Single by Bryan Adams

from the album Unplugged
- B-side: "Hey Elvis"; "Can't Stop This Thing We Started / It Ain't a Party...If You Can't Come 'Round";
- Released: December 8, 1997
- Length: 4:30
- Label: A&M
- Songwriters: Bryan Adams; Eliot Kennedy;
- Producer: Bob Rock

Bryan Adams singles chronology
| "I Finally Found Someone" (1996) | "Back to You" (1997) | "I'm Ready" (1998) |

= Back to You (Bryan Adams song) =

1997 single by Bryan Adam

"Back to You" is a song by Canadian singer Bryan Adams, written by Adams and Eliot Kennedy. It was released in December 1997, by A&M Records, as a live acoustic version for Adams' album MTV Unplugged and features students from the Juilliard School, conducted by Michael Kamen.
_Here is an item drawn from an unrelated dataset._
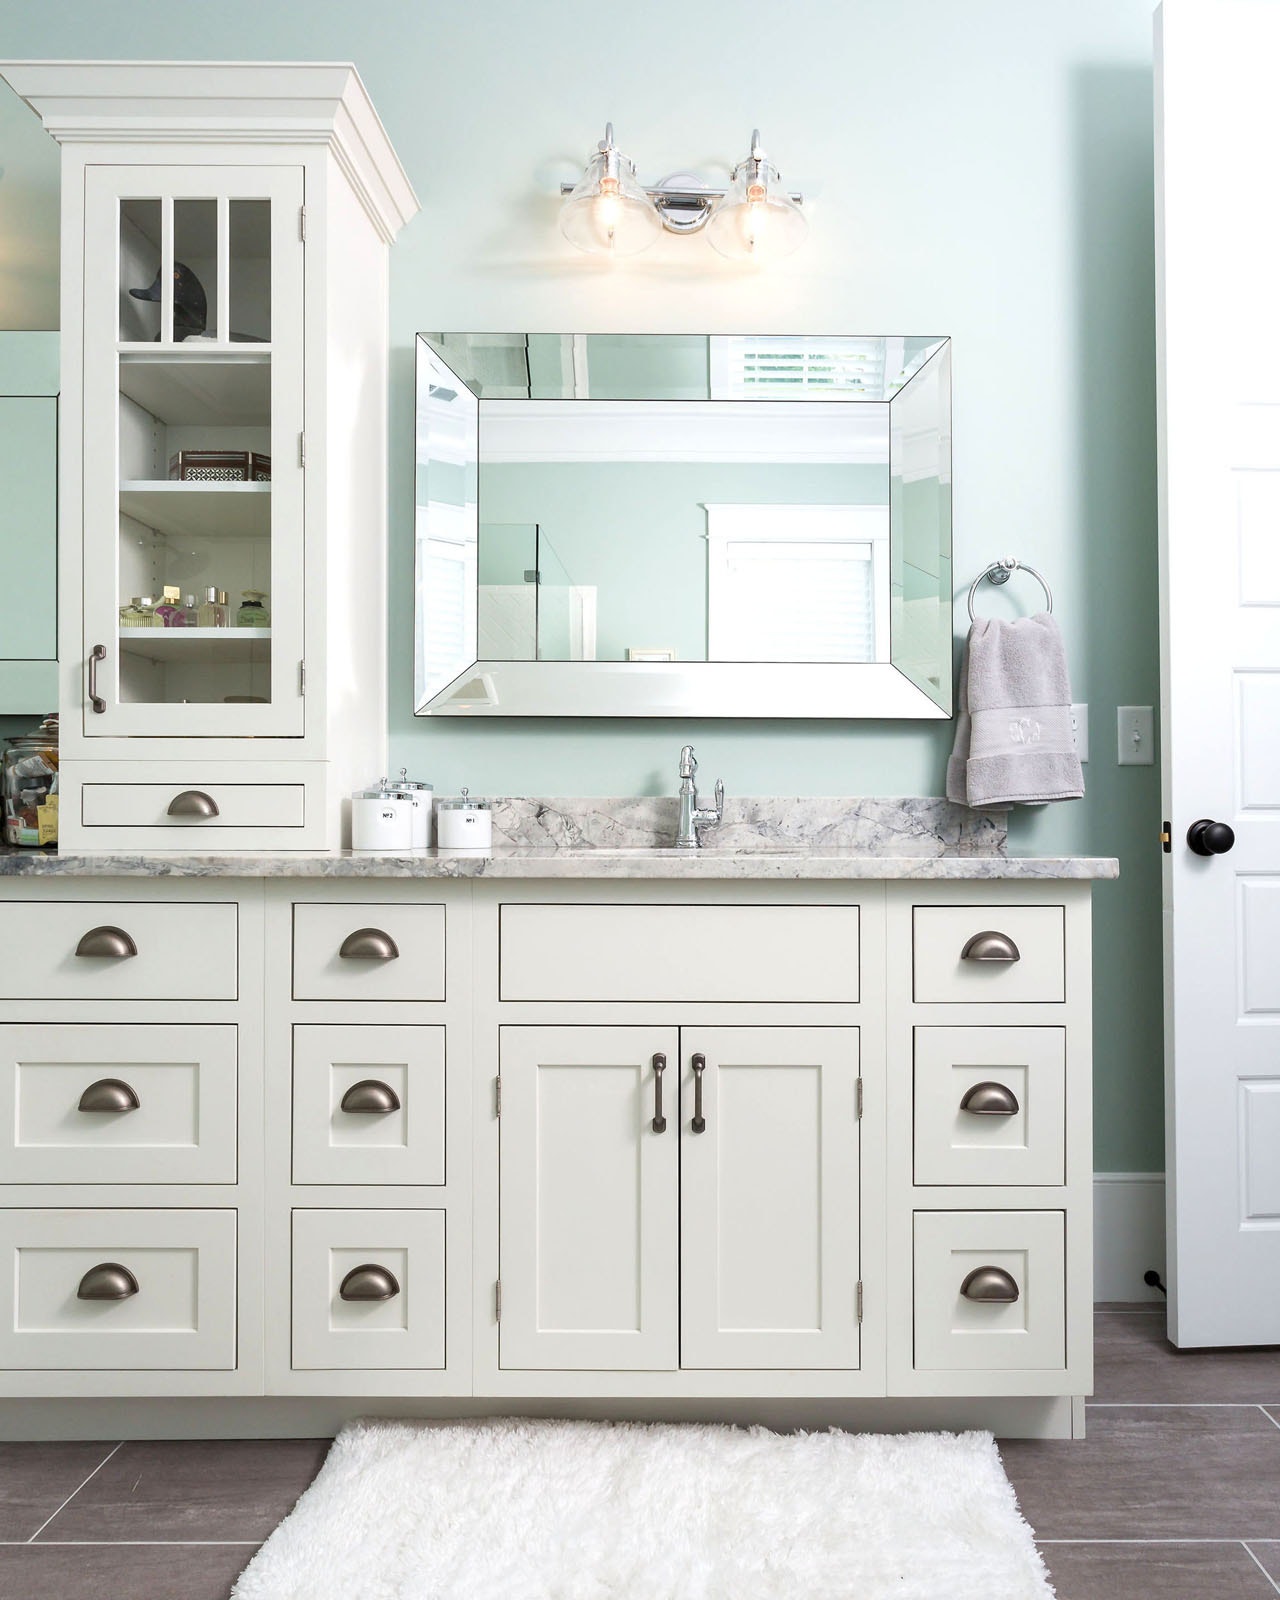 CliqStudios bath cabinets shown in Austin White door style and finish

Upon its release, the song became Adams' ninth number-one single in his home country, staying at number one on the RPM Top Singles chart for three nonconsecutive weeks, and reached the top 40 in Australia, Hungary, Iceland, and the United Kingdom. It was later included on his compilation albums The Best of Me and Anthology.

"Back to You" was later re-recorded in the studio for the compilation release Classic Pt. II, and also appeared on the Classic bonus disc of the super deluxe edition of So Happy It Hurts. Both Classic Pt. II and the bonus disc were released in 2022.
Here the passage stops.